- Activity:
Write out the listing below in its entirety, minus the pictures, without changing a word.

- Supplied data:
· · ·

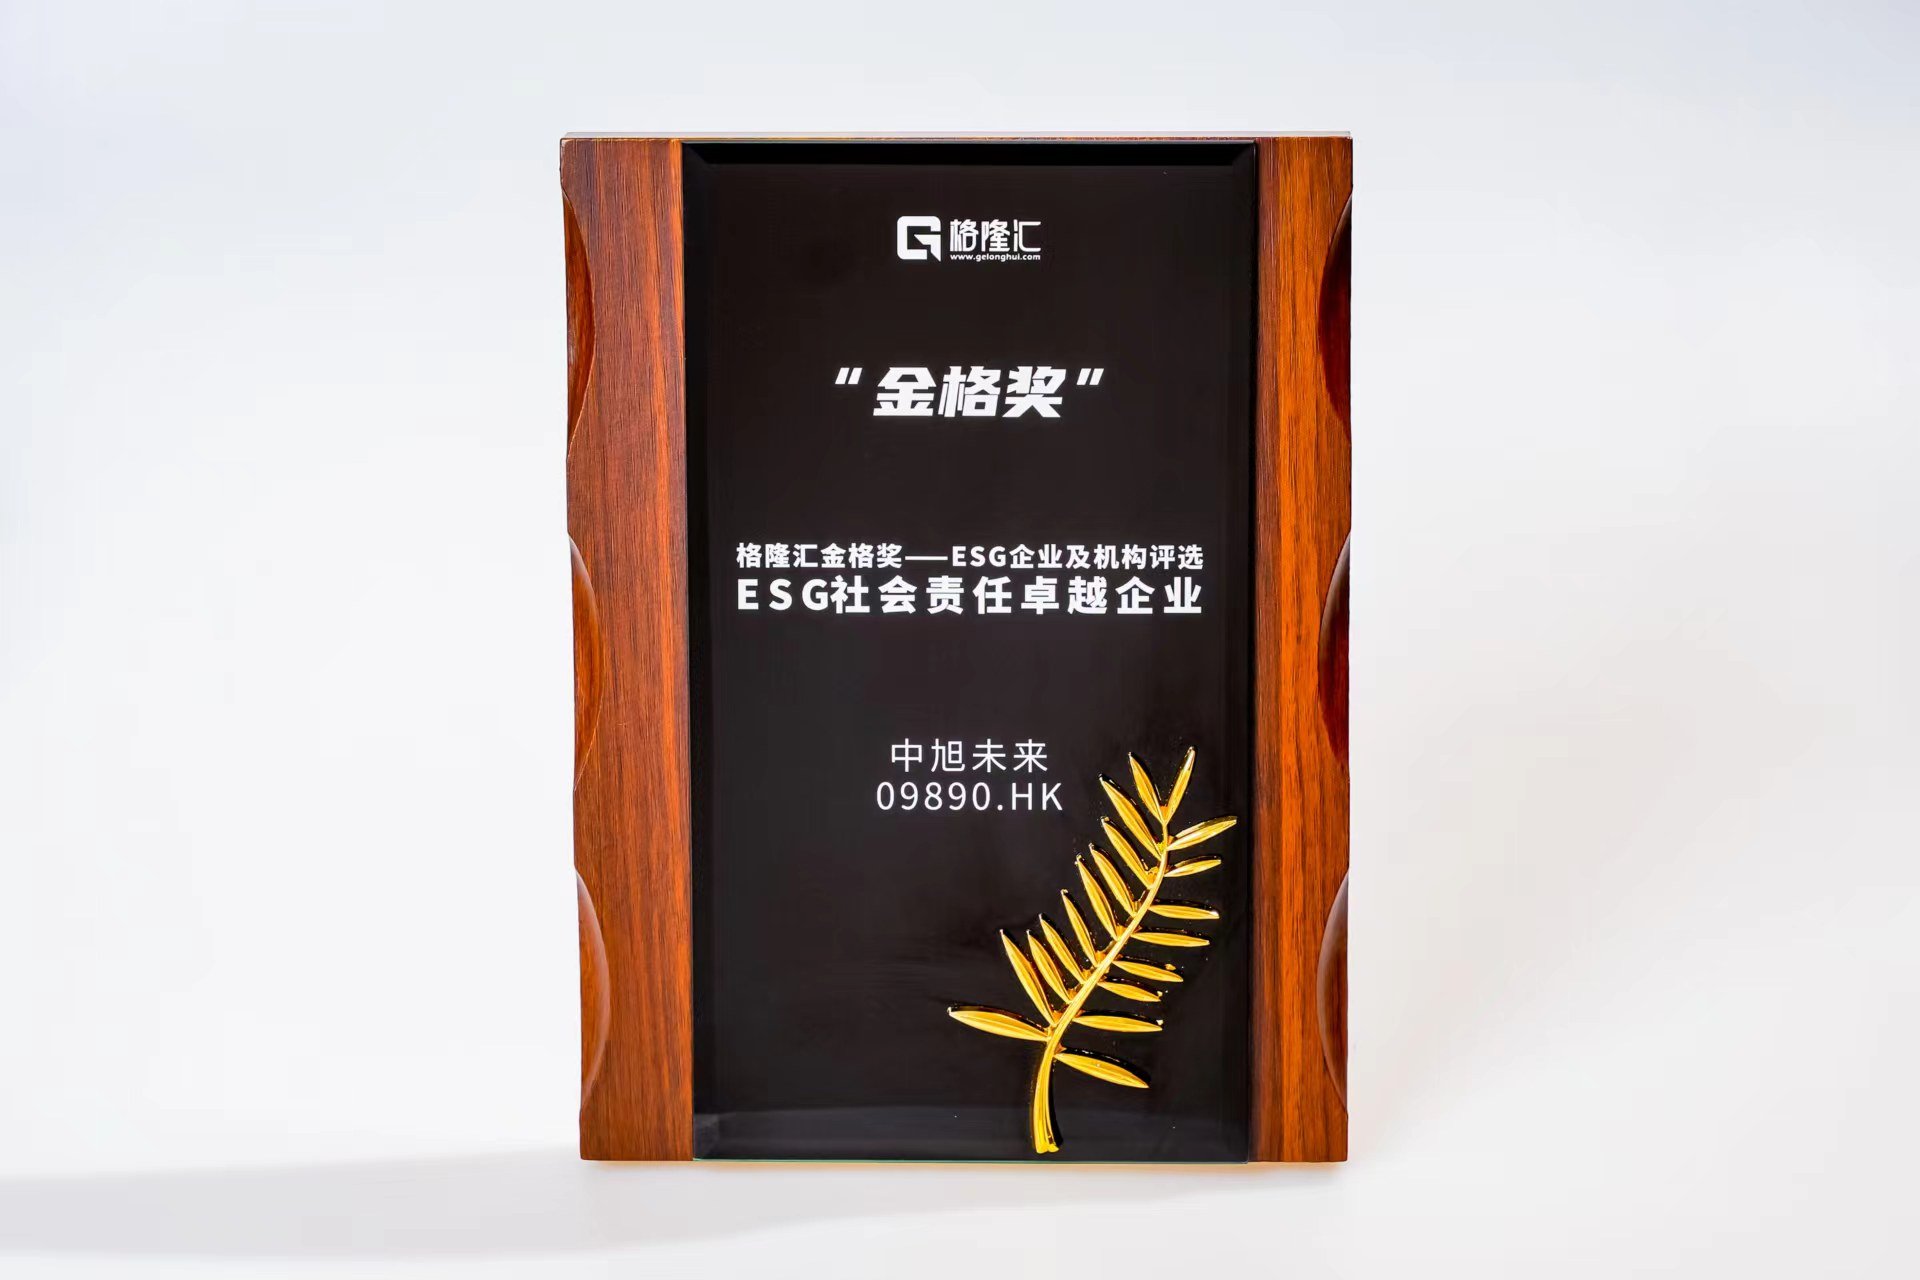 中旭未来(9890.HK)荣获格隆汇金格奖·ESG社会责任卓越企业
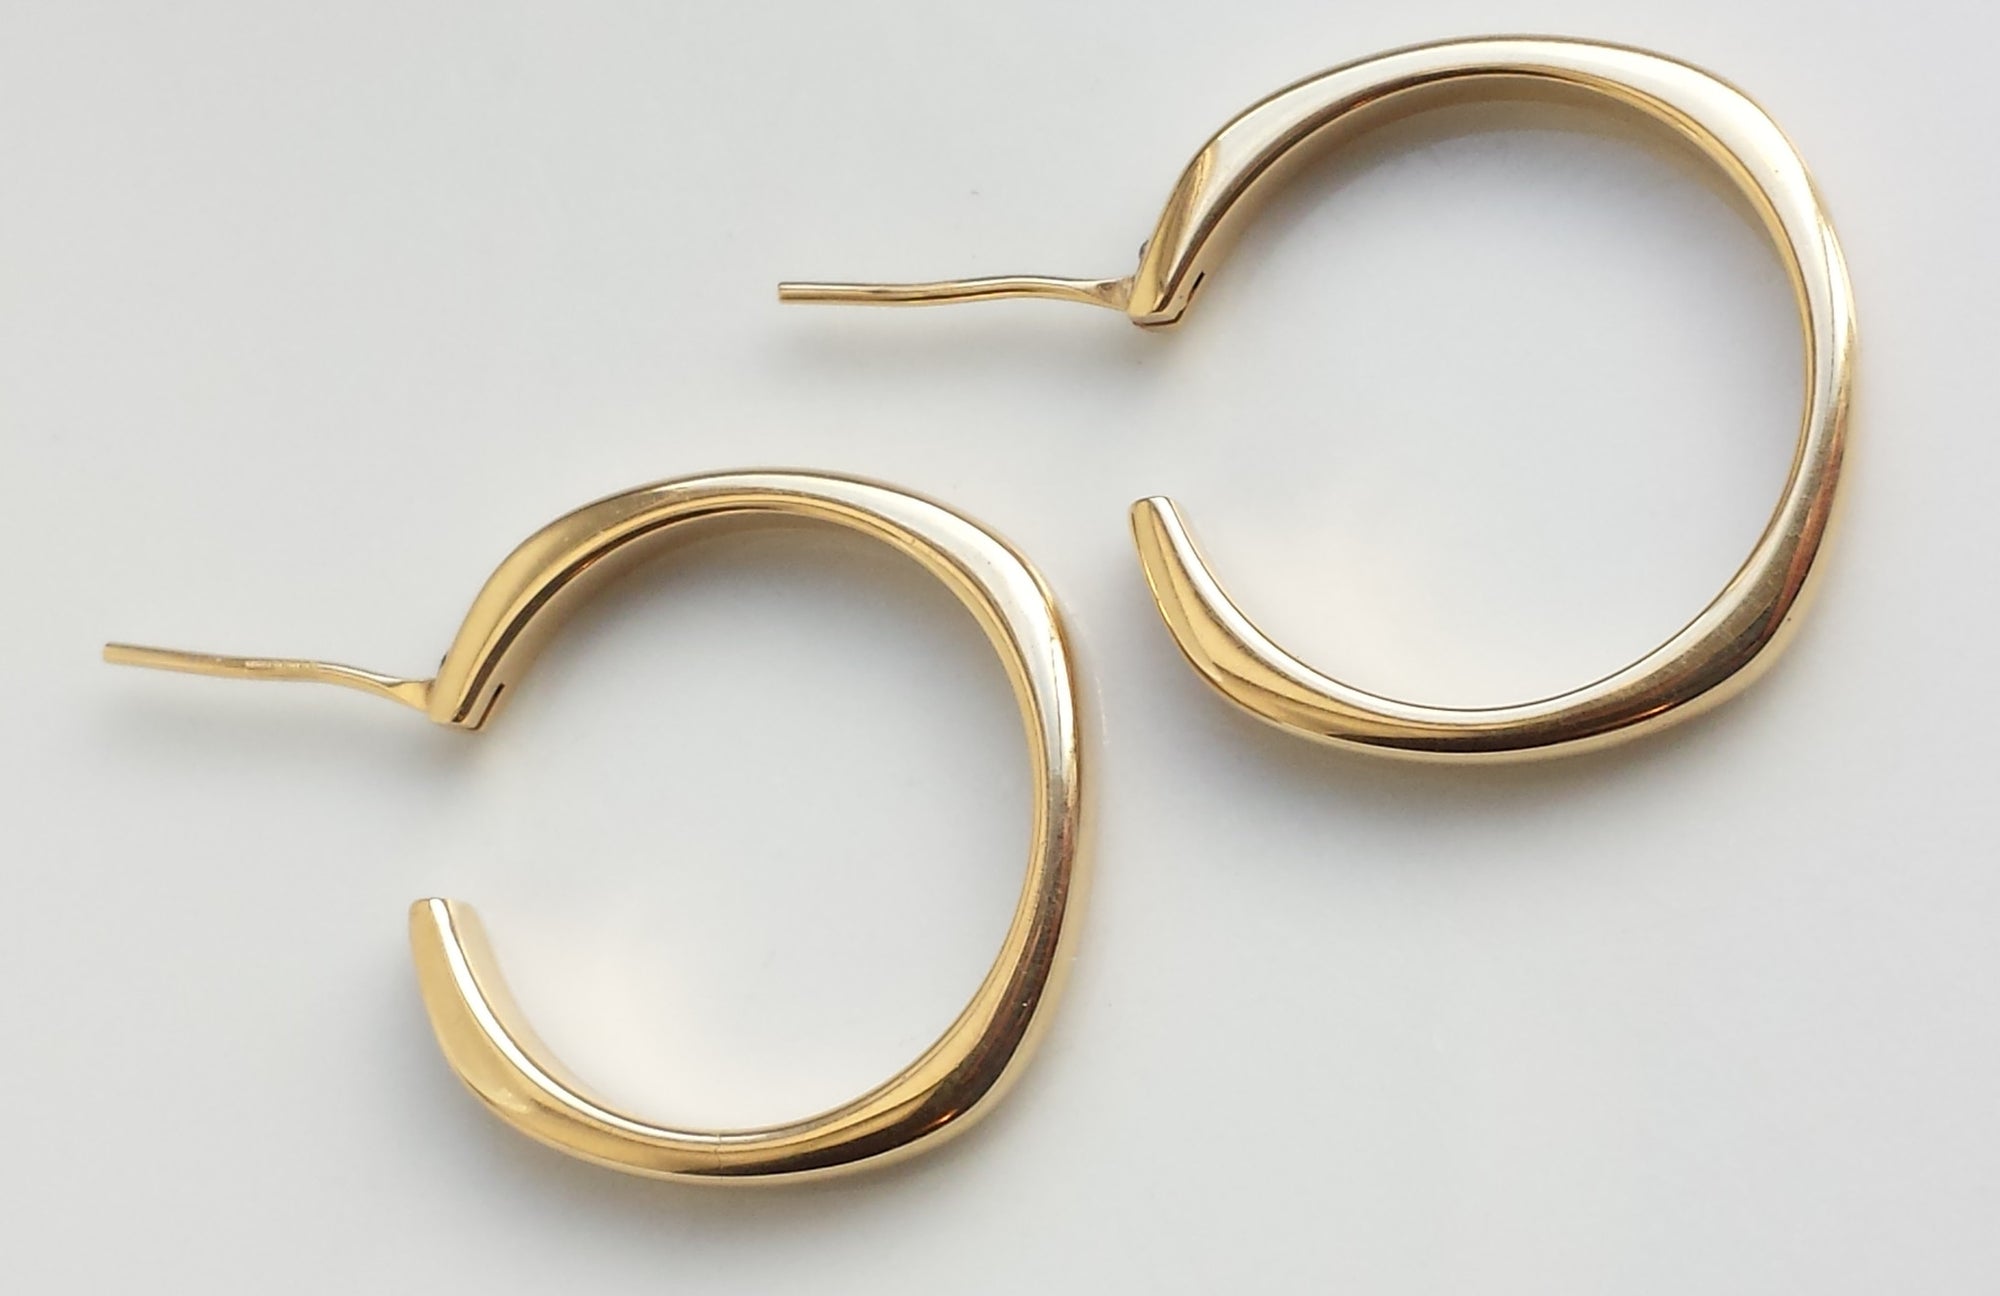 Tiffany & Co. Vintage 18k Yellow Gold Large Hoop Earrings 25mm diameter
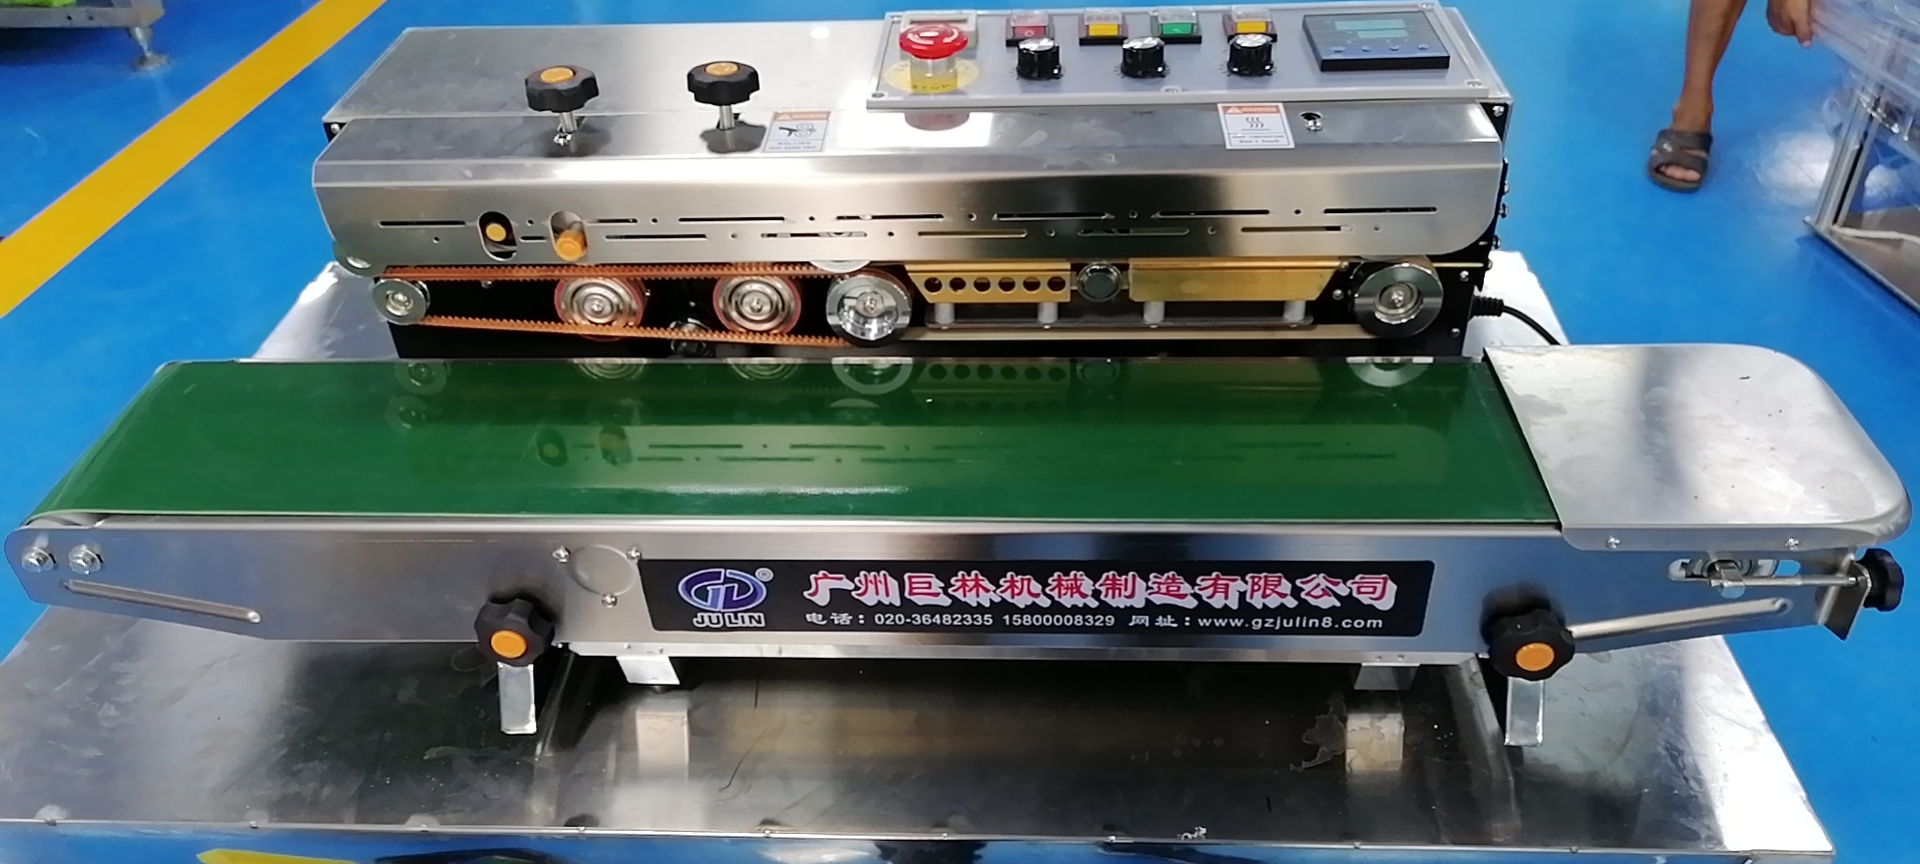 TRD-1000不锈钢自动薄膜油墨打码封口机
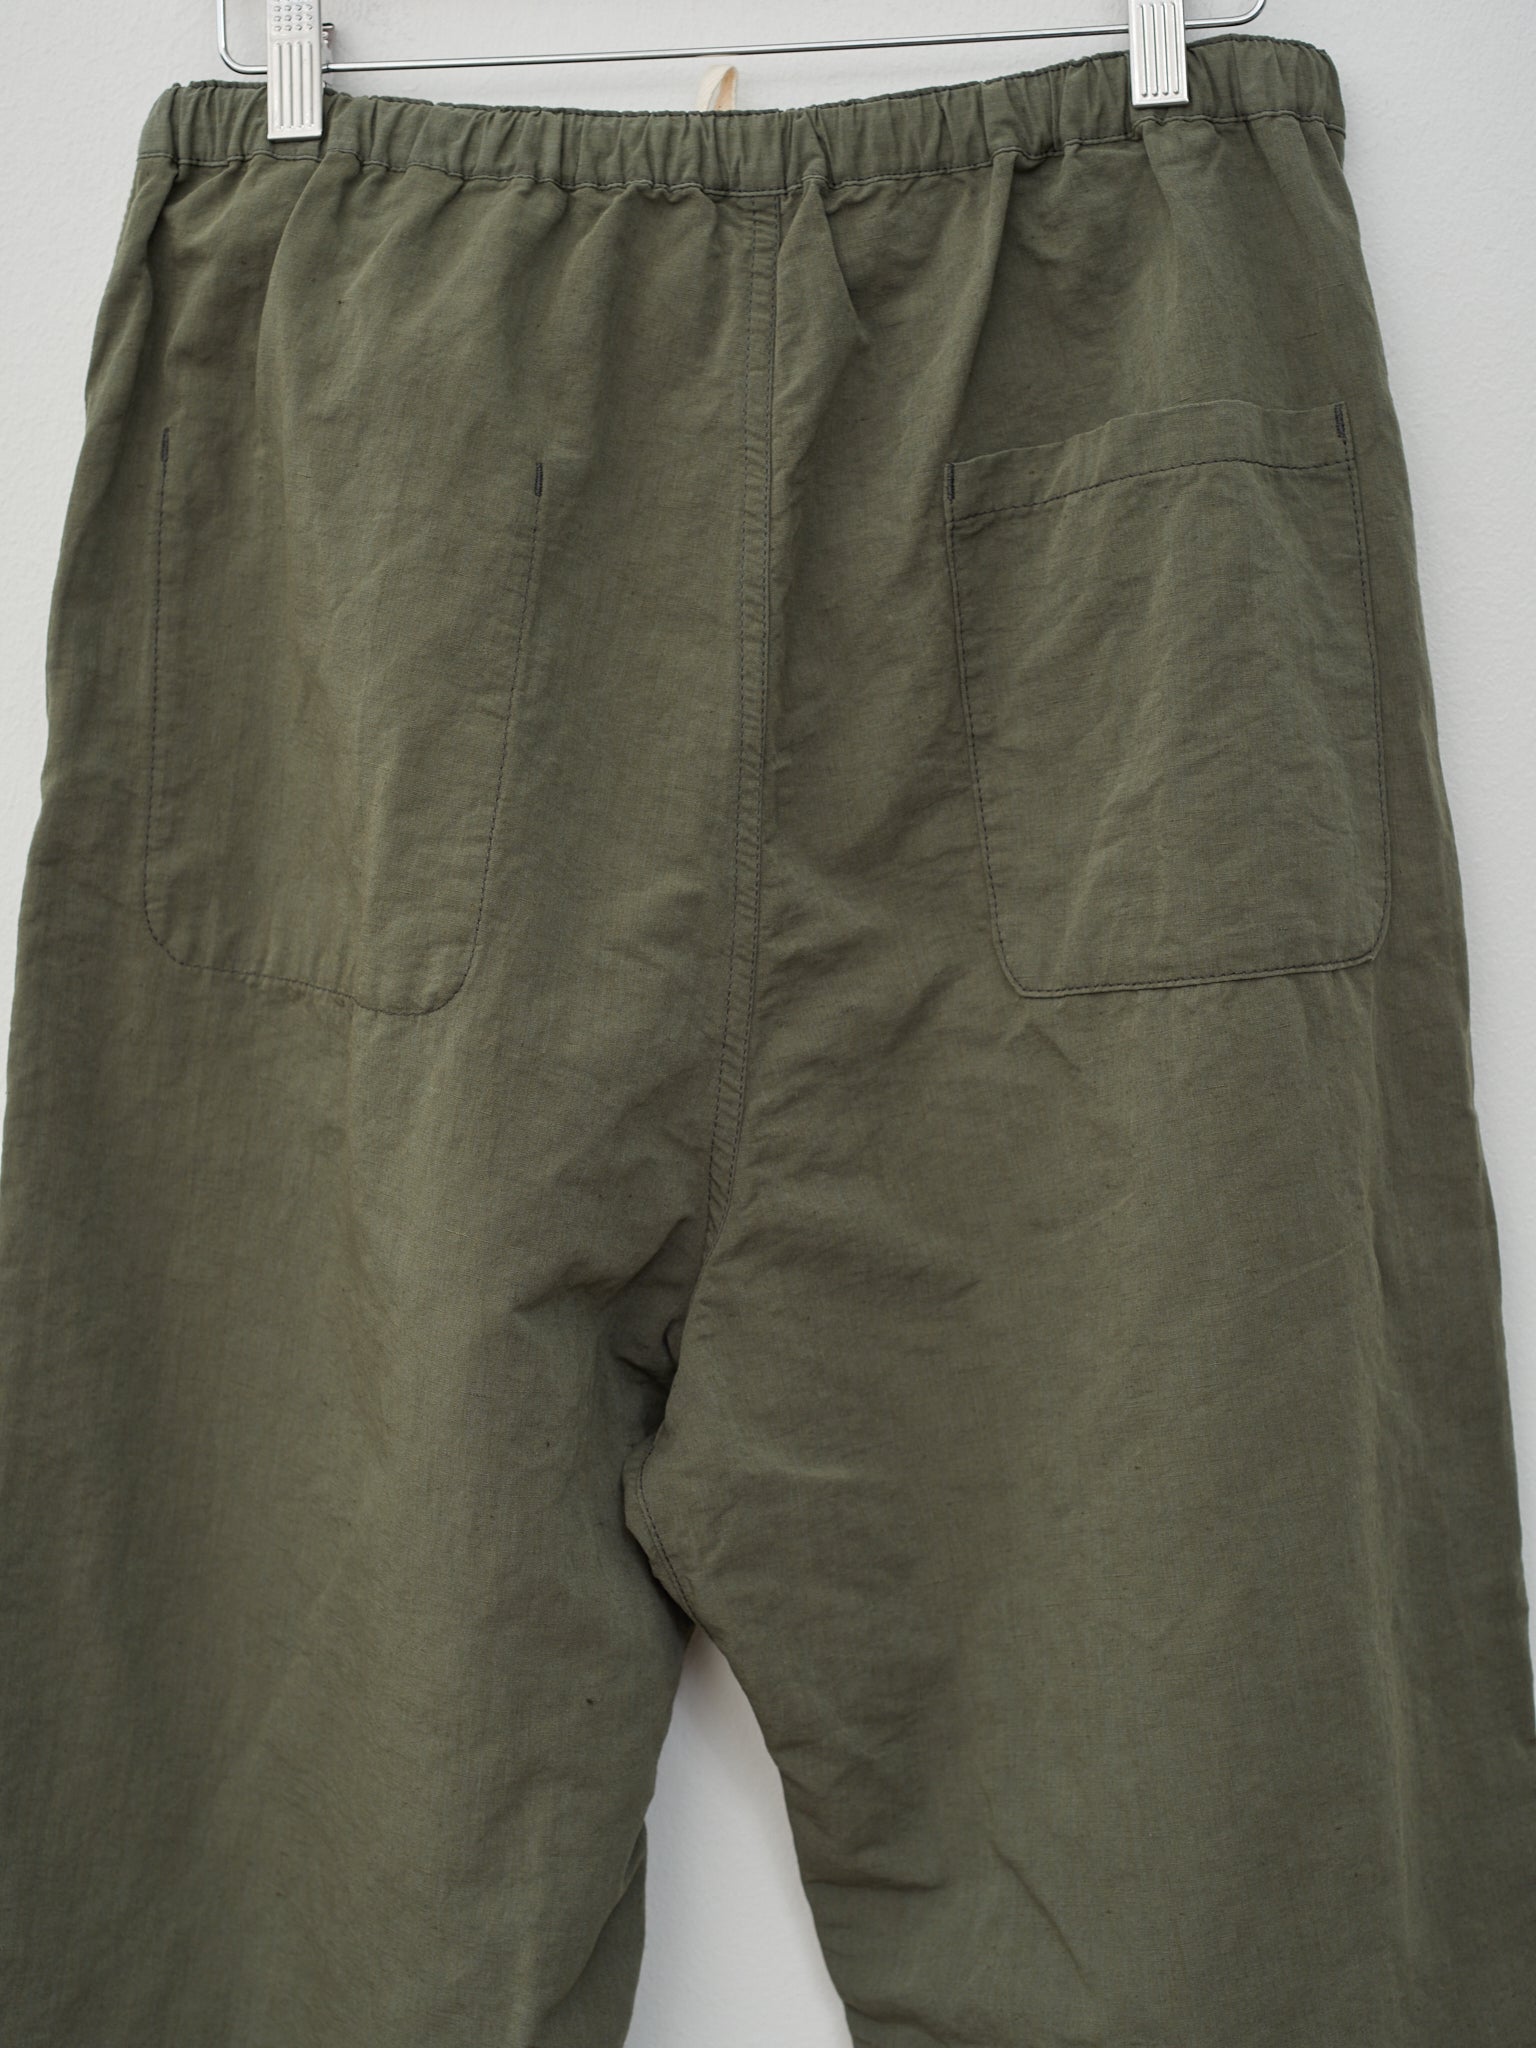 Namu Shop - Fujito Pajama Pants - Olive Green

· · ·

- Written solution:
 中旭未来(9890.HK)荣获格隆汇金格奖·ESG社会责任卓越企业
 Tiffany & Co. Vintage 18k Yellow Gold Large Hoop Earrings 25mm diameter
 TRD-1000不锈钢自动薄膜油墨打码封口机
 Namu Shop - Fujito Pajama Pants - Olive Green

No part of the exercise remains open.